3) Using esxtop investigate storage (press ‘u’ for per-datastore or ‘d’ for per-hba stats:

  1. Investigate DAVG – represents the roud-trip time bewteen HBA and storage, should be less than 30ms ideally
  2. Investigate KAVG – represents actual latency due to VMKernal
  3. Investigate GAVG – represents the round-tripfor IO requests sent form the host to storage, again lower is better, ideally less than 30ms.
  4. Check the CONS/s – this indictaes SCSI reservation conflicts generated by metadata updates on the same LUN at a given time.
  5. vscsiStats (more info here)  will report per-VMDK/RDM

4) Finally, consider the network subsystem:

  1. Check bandwidth availability
  2. Using esxtop check %DRPTX and %DRPR, if the latter is high consider increasing the Rx buffer from device manager (yes, Windows only…?linux configuration) on the VM

If all else fails check advisories on your hardware platform, I’ve run into issues in the past that have been device firmware specific so dont rule out the siplist of things.

UPDATE 22/02/2010 : Check out the new esxtop article here for further performance troubleshooting tips.

VMWare VCB : Improving Performance of VCB

VCB Backup Essentials

Having recently introduced VCB backups into Dataprotector 6.0 I thought I would share a few useful tips for ensuring that backup speeds are as fast as possble.

1) Ensure that all VM’s have a scheduled task to zero-out free space prior to VCB running. Windows, when you delete a file does not zero-out the disk space (populate the data blocks with zero’s) – soif you had a 20GB drive that contained 15GB of data, then you delete 10GB of data, unoless you zero out this space the backup will still be 15GB.
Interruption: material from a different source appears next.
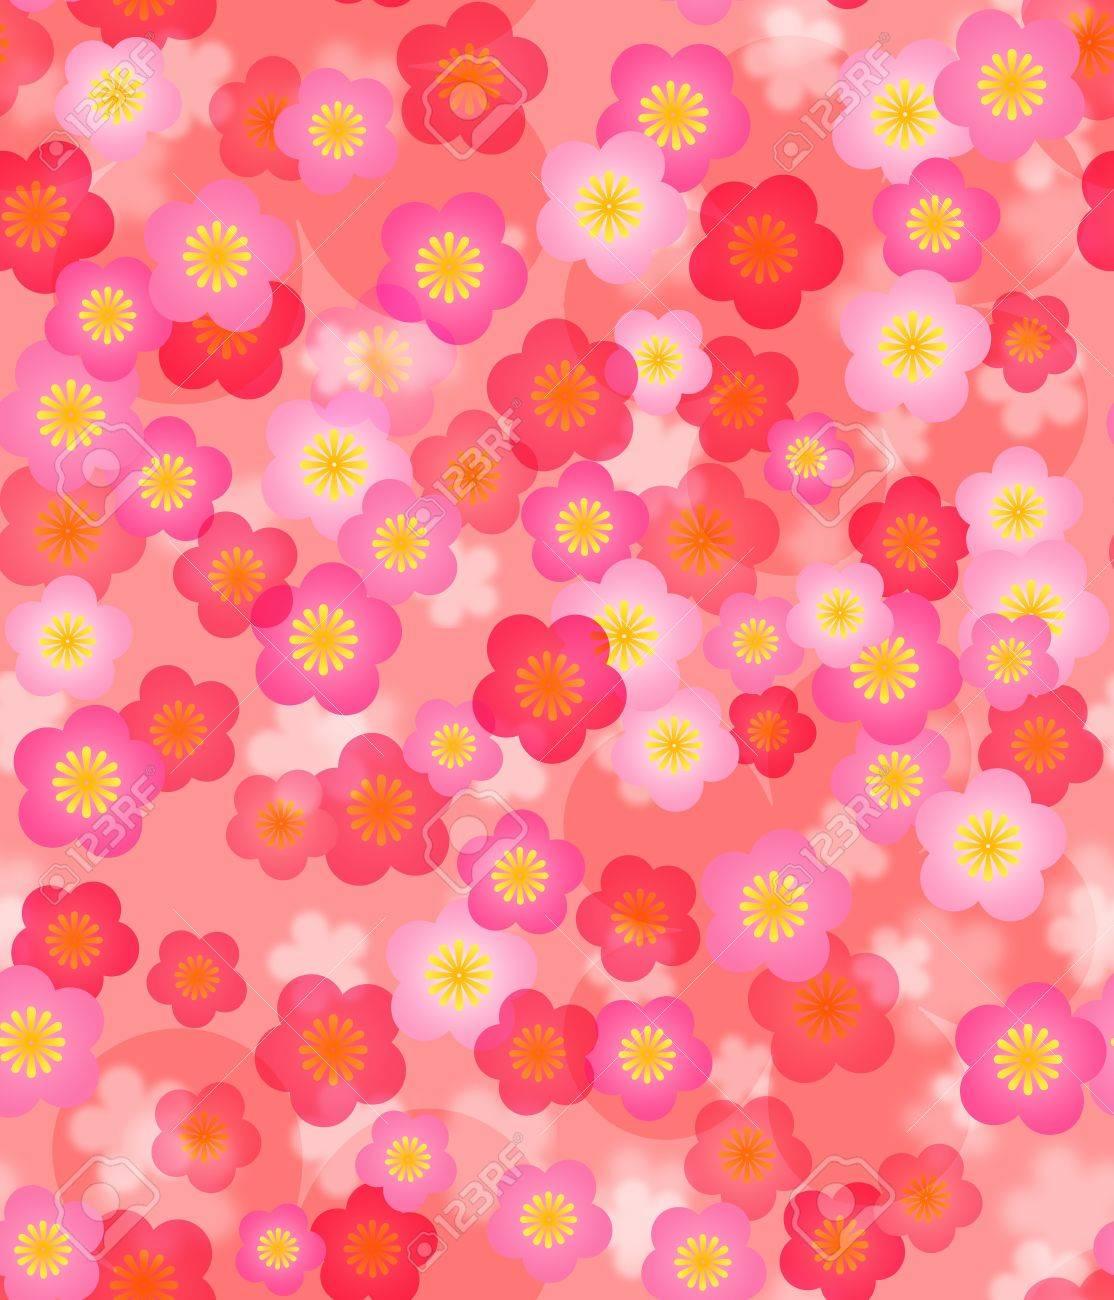 春の時間桜シームレスなタイル パターン背景イラスト ロイヤリティー
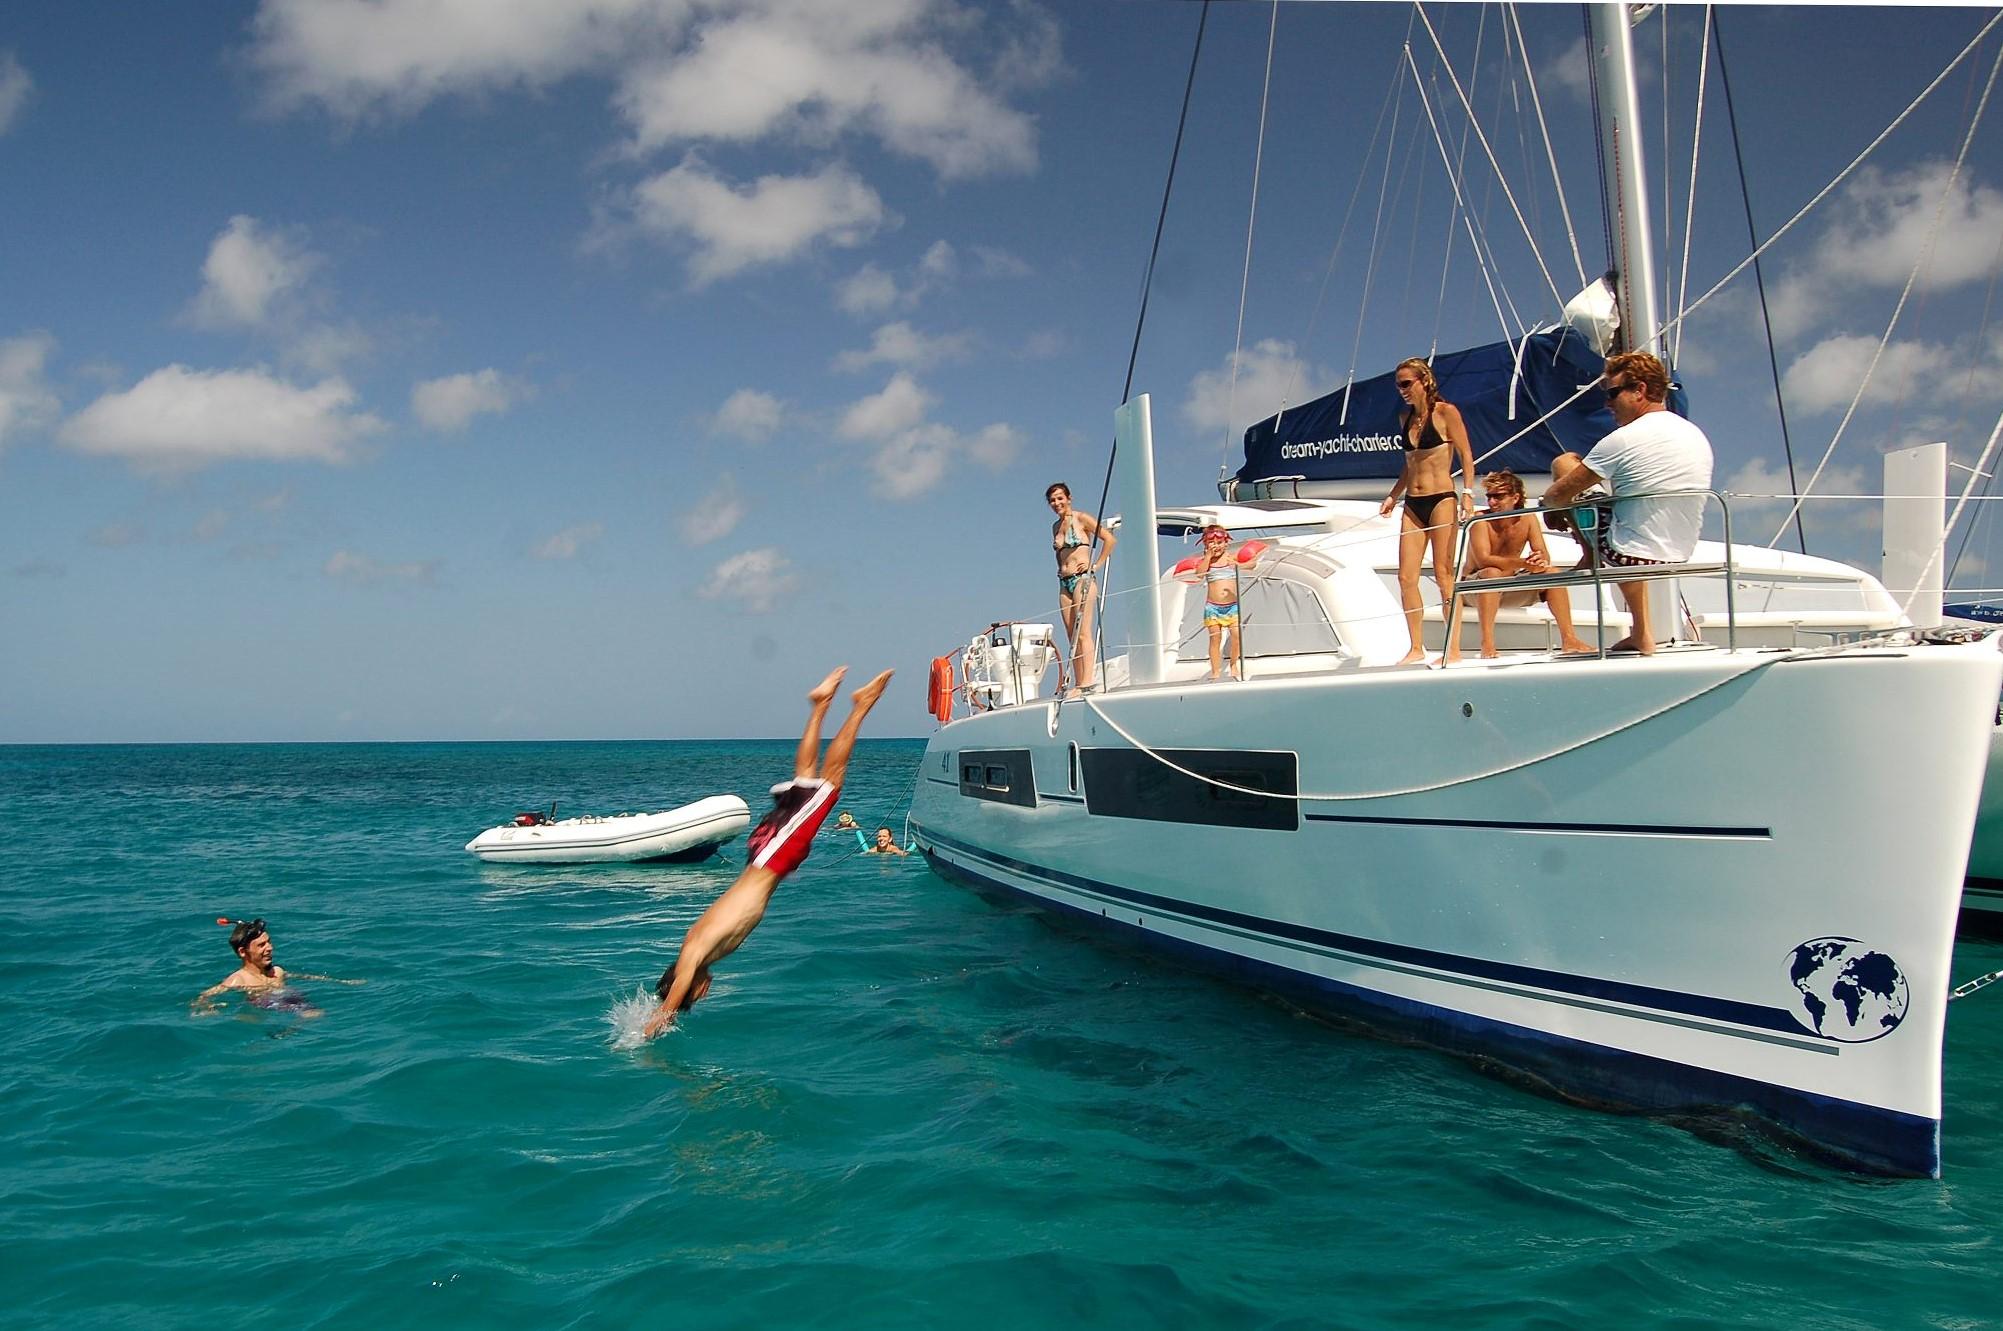 Как да изберем подходящата яхта и дестинация за нашата ваканция?

I use the free ‘SDELETE‘ tool from sysinternals (now Microsoft) to do this, and simply execute a scheduled task before the backup is due to run. SDELETE can eb found here: http://technet.microsoft.com/en-us/sysinternals/bb897443.aspx

2) When running VCB, check the disk queue performance counter on the VCB Proxy server, the storage to which the VCB snapshot is taken can be a serious bottleneck for VCB performance. Initially I was running VCB over fibre, to a fibre attached SAN disk. I found that after 1.97GB the backup would grind to a halt – 200Kb/sec!!! By changing the VCB snapshot drive to local RAID0 storage this increased to over 2.2GB/min, or 37.5MB/sec. Your hardware may be capable of significantly faster speeds.

3) Disable additional disk paths on the VCB Proxy Server: VCB does not like MPIO/multiple paths to LUNS. This step is probably the biggest potential speed gain you’ll get. Disable the additional disk objects in Windows device manager, test you backups once complete, if they don’t work enable the path you disabled and disable a different one. This can see speed improvements of 100MB/sec.

4) Run multiple VCB snapshots at the same time. Your SAN containing the VM’s will, more than likely, support more than 35MB/sec. Just ensure you change the snapshot directory otherwise your backup application may backup multiple snapshots at once!